Prospettive 2025: il verdetto

Le prospettive per il 2025 sono caratterizzate da una stabilità ambigua. Da un lato, il deficit è sceso dal 3,4% al 3,1%, il saldo primario è positivo e l’economia continua a crescere, seppur lentamente. Dall’altro, il rapporto debito/PIL è aumentato e il costo del debito continua a rappresentare un peso crescente per il bilancio pubblico.

In sintesi: Il debito pubblico italiano è strutturalmente elevato e la sua sostenibilità dipende da tassi di interesse contenuti e crescita economica costante. Per il governo: la disciplina di bilancio deve continuare, ma da sola non basta. Per i risparmiatori: lo spread BTP-Bund resta il termometro della fiducia dei mercati, e ogni rialzo si traduce in più interessi da pagare per tutti.

Point of view

Il debito pubblico italiano è strutturalmente elevato e la sua sostenibilità dipende da tassi di interesse contenuti e crescita economica costante. La riduzione del deficit al 3,1% è un passo nella direzione giusta, ma non risolve il problema della montagna di debito accumulata.

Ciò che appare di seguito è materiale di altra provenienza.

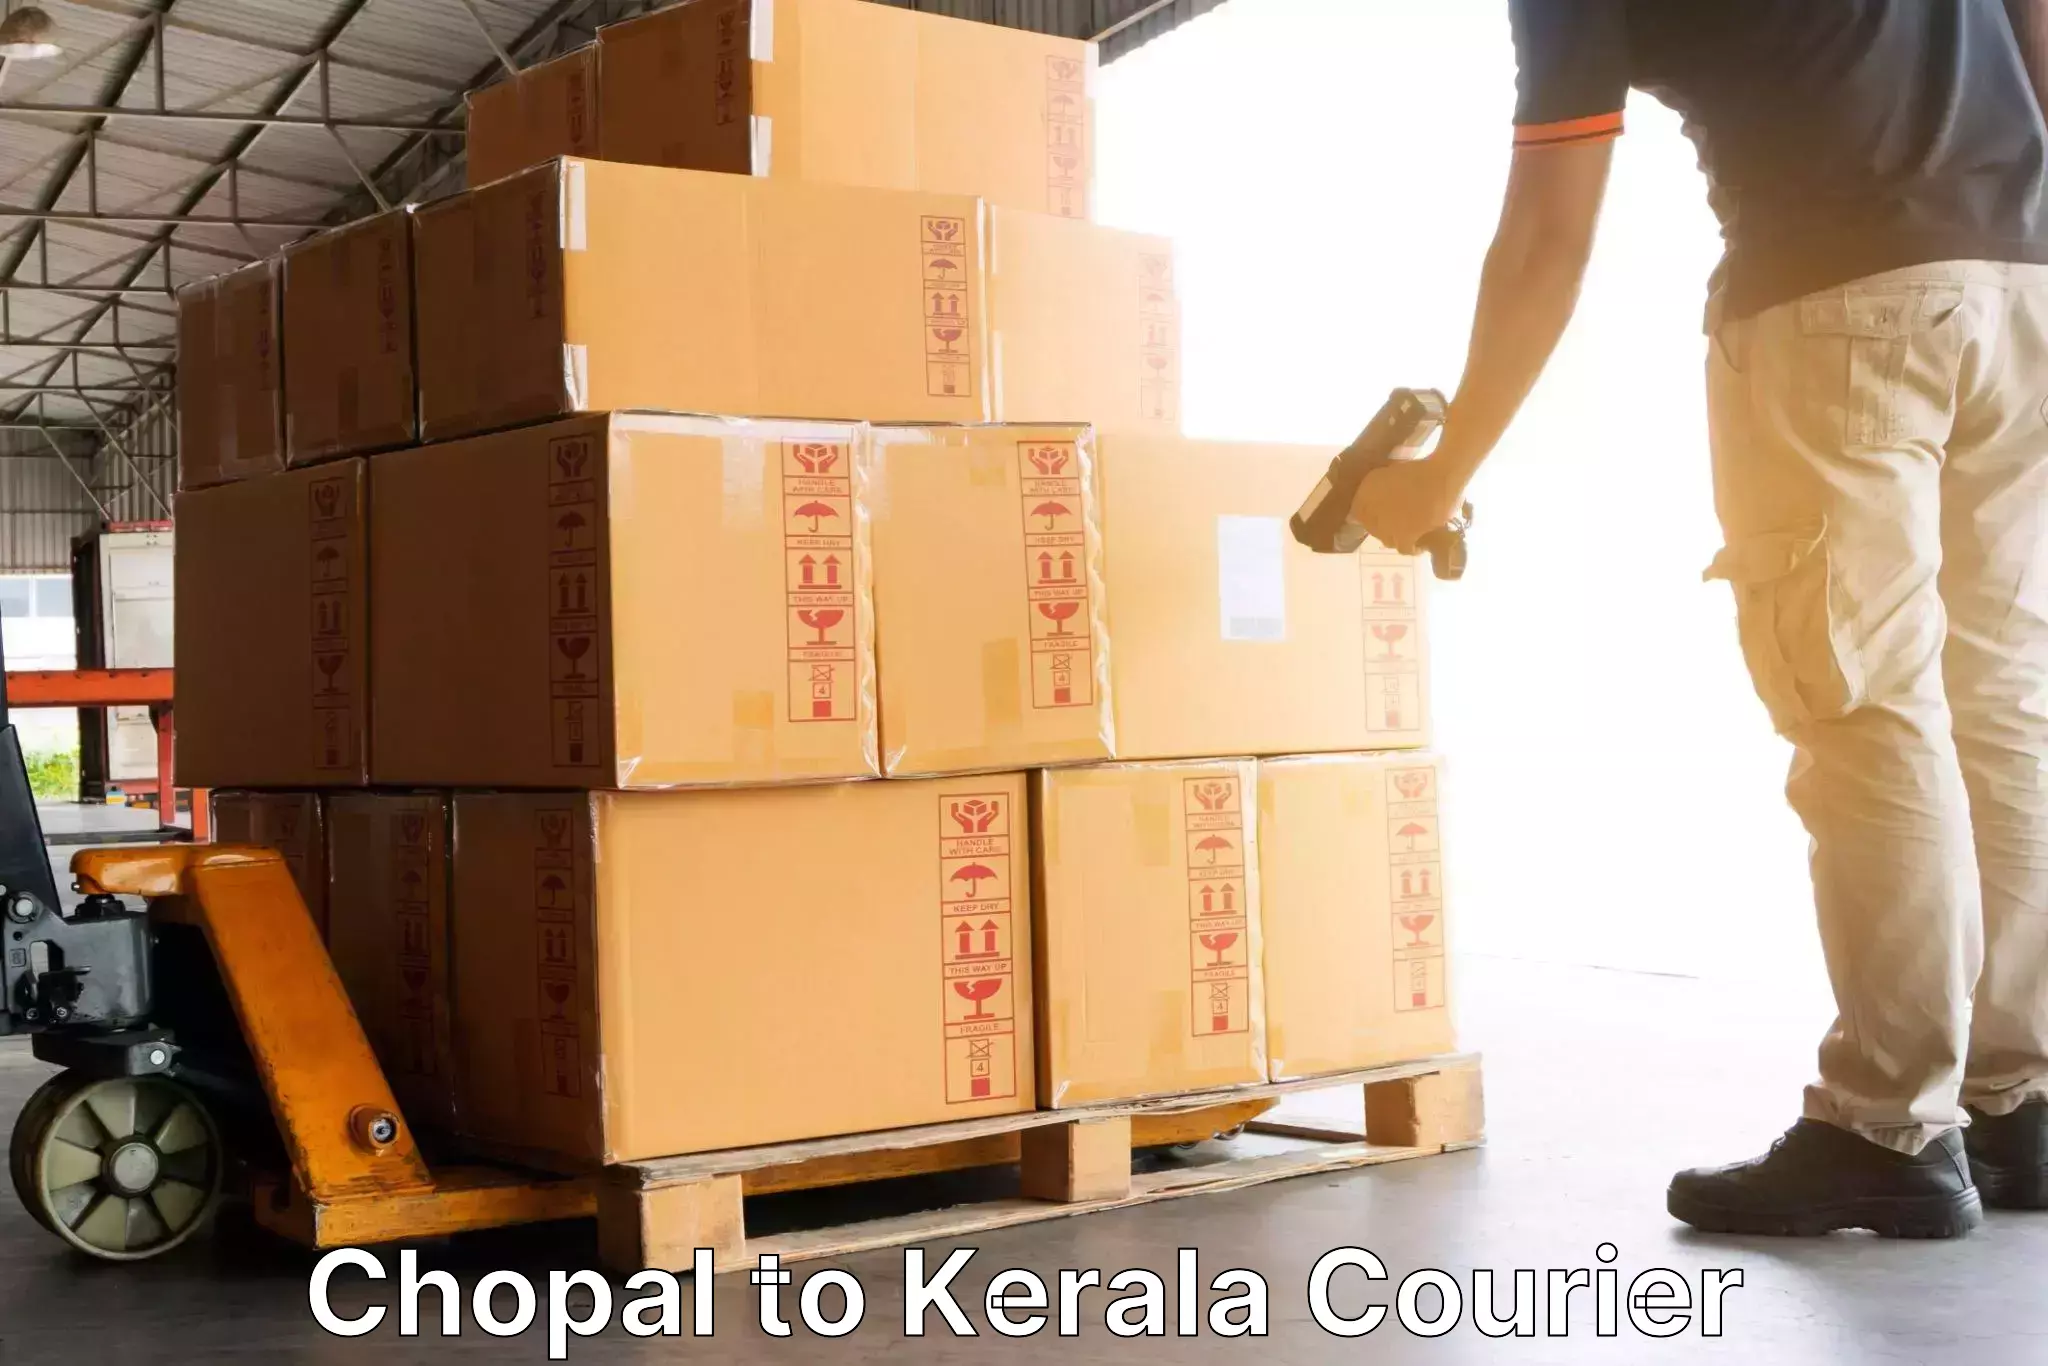 Efficient parcel service Chopal to Munnar

— Analisi Eurostat sui conti pubblici 2025 (dati aggregati)

L’Italia rimane sotto procedura di infrazione europea per disavanzo eccessivo. La decisione del 3 giugno 2026 sarà cruciale per capire se il Paese riuscirà a uscire dalla procedura o se resterà sotto la supervisione di Bruxelles.

— Adnkronos, conti pubblici 2025

Fonti aggiuntive

instagram.com

Copertura correlata: dati Eurostat 2025 fördjupar bilden av Debito Pubblico Italia 2025: 137,1% del PIL Eurostat.

Domande frequenti

Qual è il debito pubblico italiano oggi?

Secondo Eurostat, nel 2025 il debito pubblico italiano è al 137,1% del PIL, corrispondente a circa 3.096 miliardi di euro in valori assoluti. È il secondo debito più alto d’Europa dopo la Grecia.

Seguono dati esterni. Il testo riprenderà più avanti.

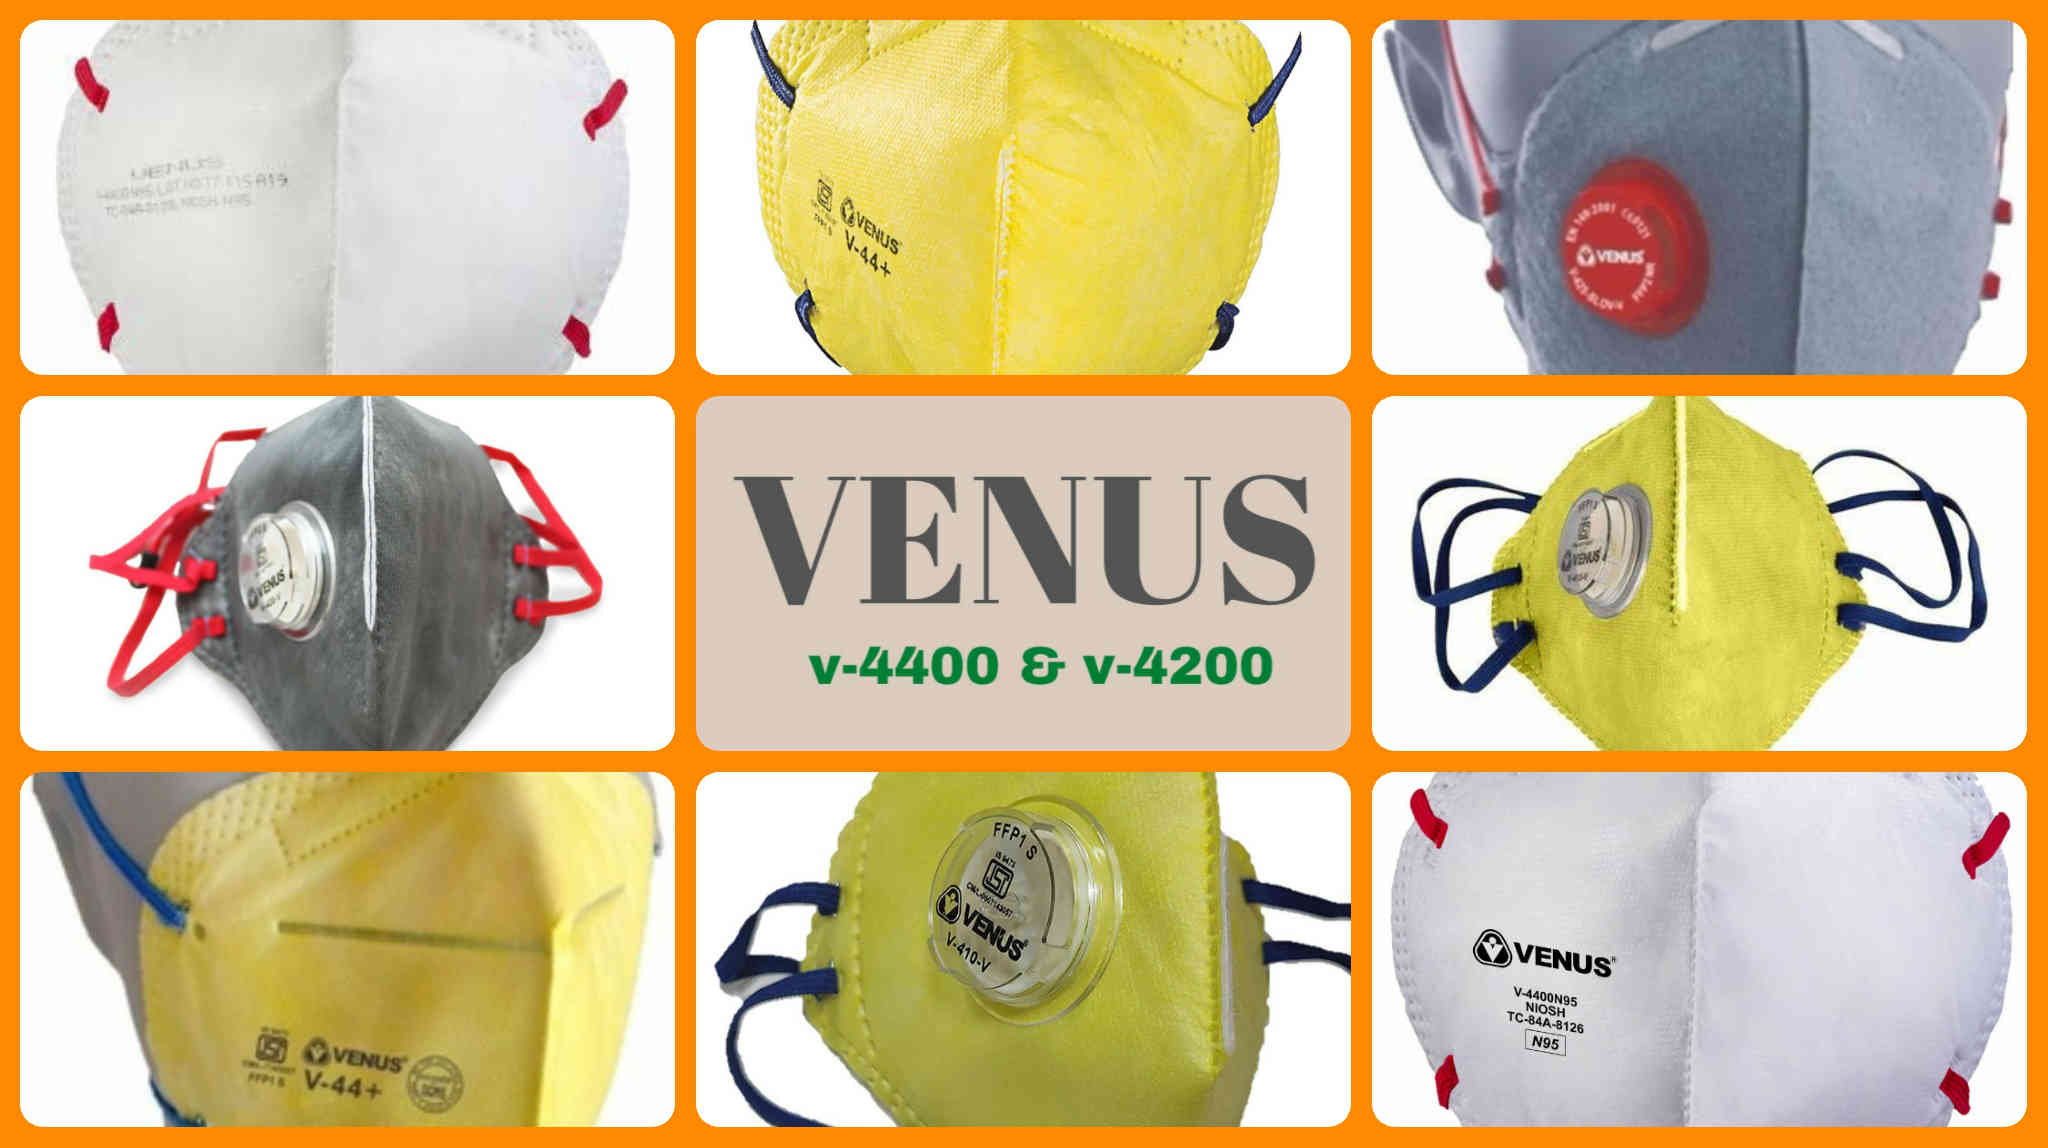 Venus n95 masks: v-4400 mask and v-4200 mask

Quanto è il debito pro capite in Italia?

Il debito pubblico pro capite in Italia è stimato intorno ai 52.000-53.000 euro per cittadino. Per una famiglia media di 2-3 persone, il peso teorico supera i 120.000 euro.

Chi ha più debito in Europa?

La Grecia ha il debito pubblico più alto d’Europa con il 146,1% del PIL nel 2025. L’Italia è seconda con il 137,1%, seguita dalla Francia (115,6%), dal Belgio (107,9%) e dalla Spagna (100,7%).

Quando l’Italia uscirà dalla procedura di infrazione?

La decisione è attesa per il 3 giugno 2026 con il Pacchetto di primavera della Commissione europea. Il deficit italiano al 3,1% è appena sopra la soglia del 3%, e la Commissione potrebbe tenere conto di altri fattori per la valutazione finale.

L’Italia è tornata sotto la soglia del 3% di deficit?

L’Italia ha registrato un deficit del 3,1% del PIL nel 2025, in miglioramento dal 3,4% del 2024. Per scendere sotto la soglia del 3%, secondo Eurostat serve un valore inferiore al 2,95% per le regole di arrotondamento.

Come è cambiato il debito pubblico italiano dal 1970?

Dal 1970 al 2025 il rapporto debito/PIL italiano è passato da circa il 40% a oltre il 137%. Le fasi di crescita più marcata sono state gli anni ’80 (crisi energetica), gli anni ’90 (entrata nell’euro) e il 2020 (pandemia).

Quali Paesi UE hanno il deficit più alto?

Nel 2025 la Romania registra il deficit più alto dell’UE al -7,9% del PIL, seguita dalla Polonia (-7,3%), dal Belgio (-5,2%) e dalla Francia (-5,1%). Undici Paesi UE restano sopra la soglia del 3%.

Il debito pubblico italiano sta diminuendo?

Il rapporto debito/PIL è aumentato dal 134,7% del 2024 al 137,1% del 2025. Nonostante il miglioramento del deficit, la crescita del denominatore (PIL) non è sufficiente a compensare l’accumulazione di nuovo debito.